# June being June



## texasred (Jan 29, 2012)

This is suppose to be a water retrieve.


Then she pulls the "I got water in my ears momma". She sets the bird down in the water to give her head a good shake.

Lucky for her it didn't get away.


----------



## SteelCityDozer (Aug 25, 2011)

That's too funny. Such a personality thinking for herself.


----------



## harrigab (Aug 21, 2011)

ha ha ha...love it! ;D ;D


----------



## Oquirrh the V (Jun 24, 2011)

This cracks me up. I could see Oquirrh doing this. He will try to shake off while he's still in the water.


----------



## SkyyMax (Apr 5, 2012)

So funny!!!!!
TXRed, your V's are so clever - Cash playing with a light switch, June never fails to entertain


----------



## texasred (Jan 29, 2012)

June is June, and always has to learn by trial and error. Out of this world natural talent, but less hunt drive than the other two Vs at the house.
With her I will need to setup a training scenario, where the bird gets away from her. That way she learns on her own, that its a bad idea to set a bird down. June is a natural retriever, and likes to bring and show me her prize. If she doesn't bring it to hand, I ignore her and just walk away. She has to chase me down to give it to me.

Cash would have been in trouble if he put down a cripple.
NO, Fetch, followed by either Heel or Here would be the commands given to him. Cash has be force fetched, and is used on hundreds of water retrieves each year.

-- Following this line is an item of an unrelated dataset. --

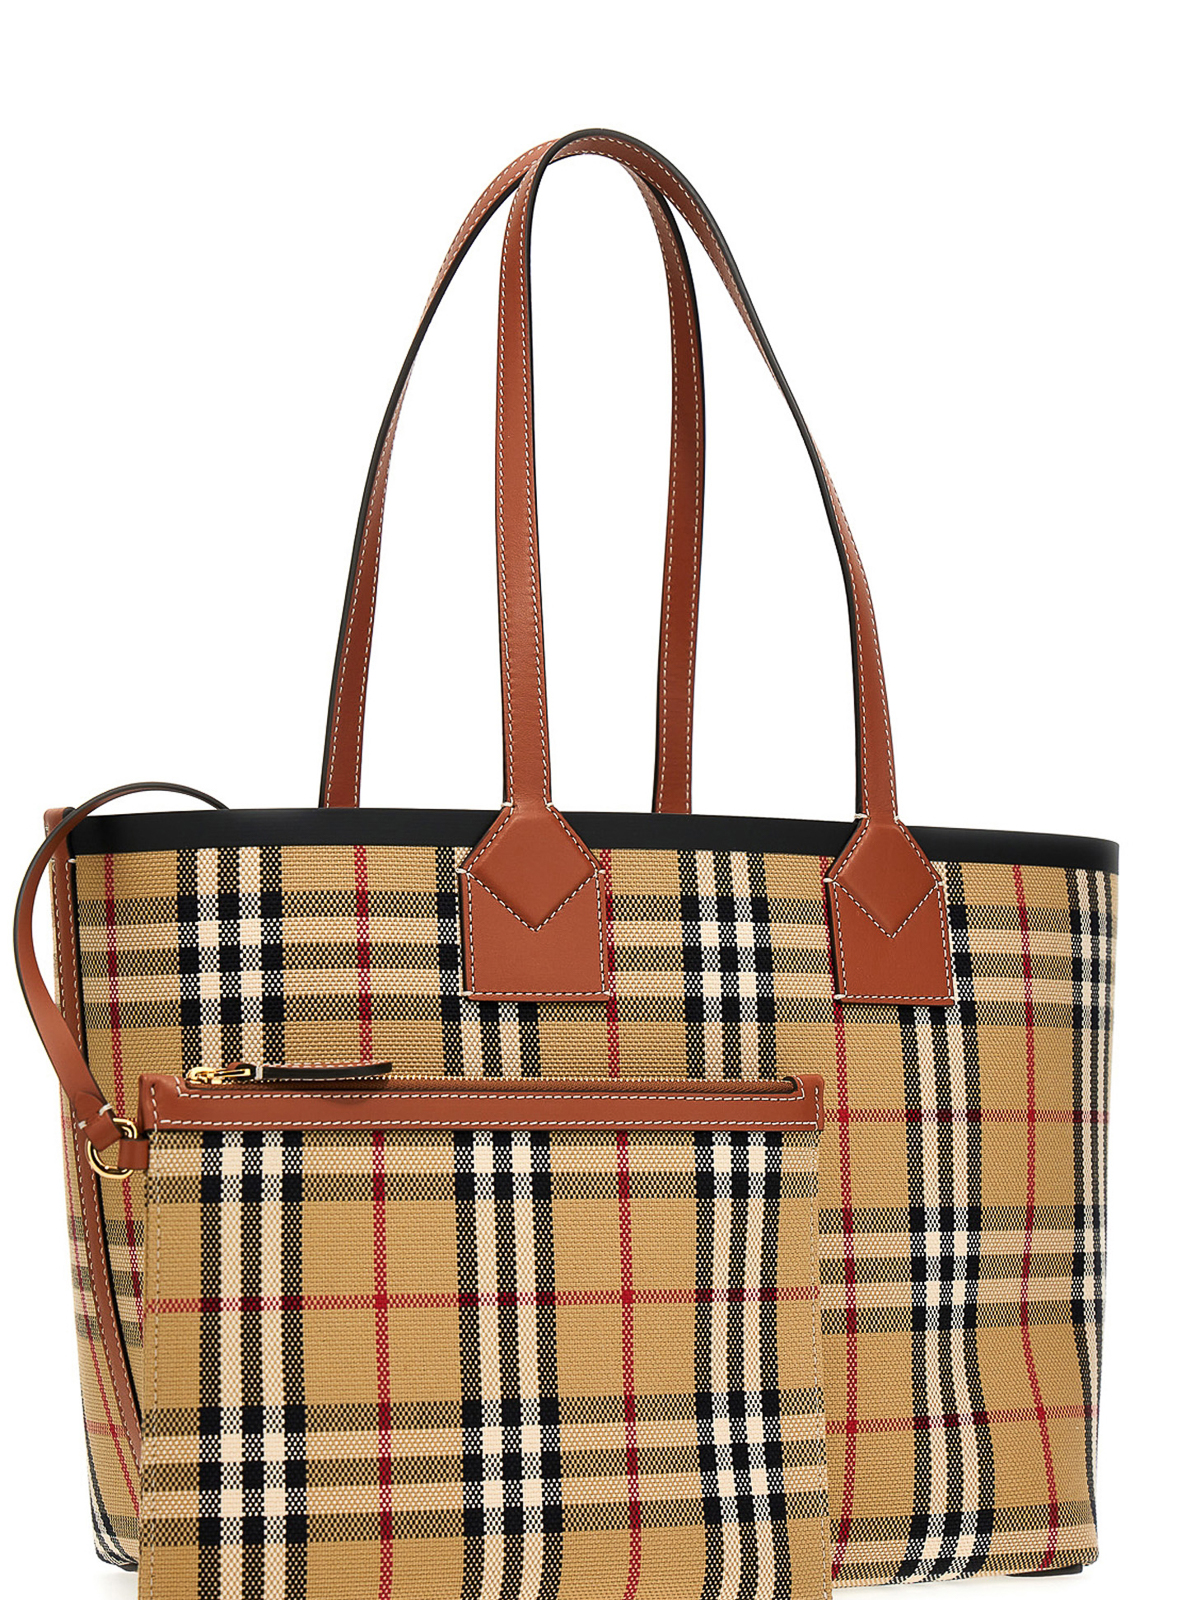 Shop Burberry London Shopping Bag In Brown

Its been to easy to go with the dog that's already farther ahead in hunt training, on hunts. I need to start giving June more time.


----------



## sniper john (Jun 17, 2010)

This was something I struggled with training Dash when I had a retriever hunt test coming up. Finally I thought we had it beat with no more drops. Then at the retriever hunt test, we had one land retrieve where he dropped the bird about 10 feet away from line near the end of the retrieve. No chance to do a JH handler grab before he dropped it. He looked at me like he knew I could not do or say anything. So close, but so far away. Judge whispered it was ok, give him a chance. He peed, peed a long time, peed a lot, then picked it back up, and finished the retrieve to hand. A pass, but lesson learned to not volunteer to run first if you have not time to properly air the dog well.


----------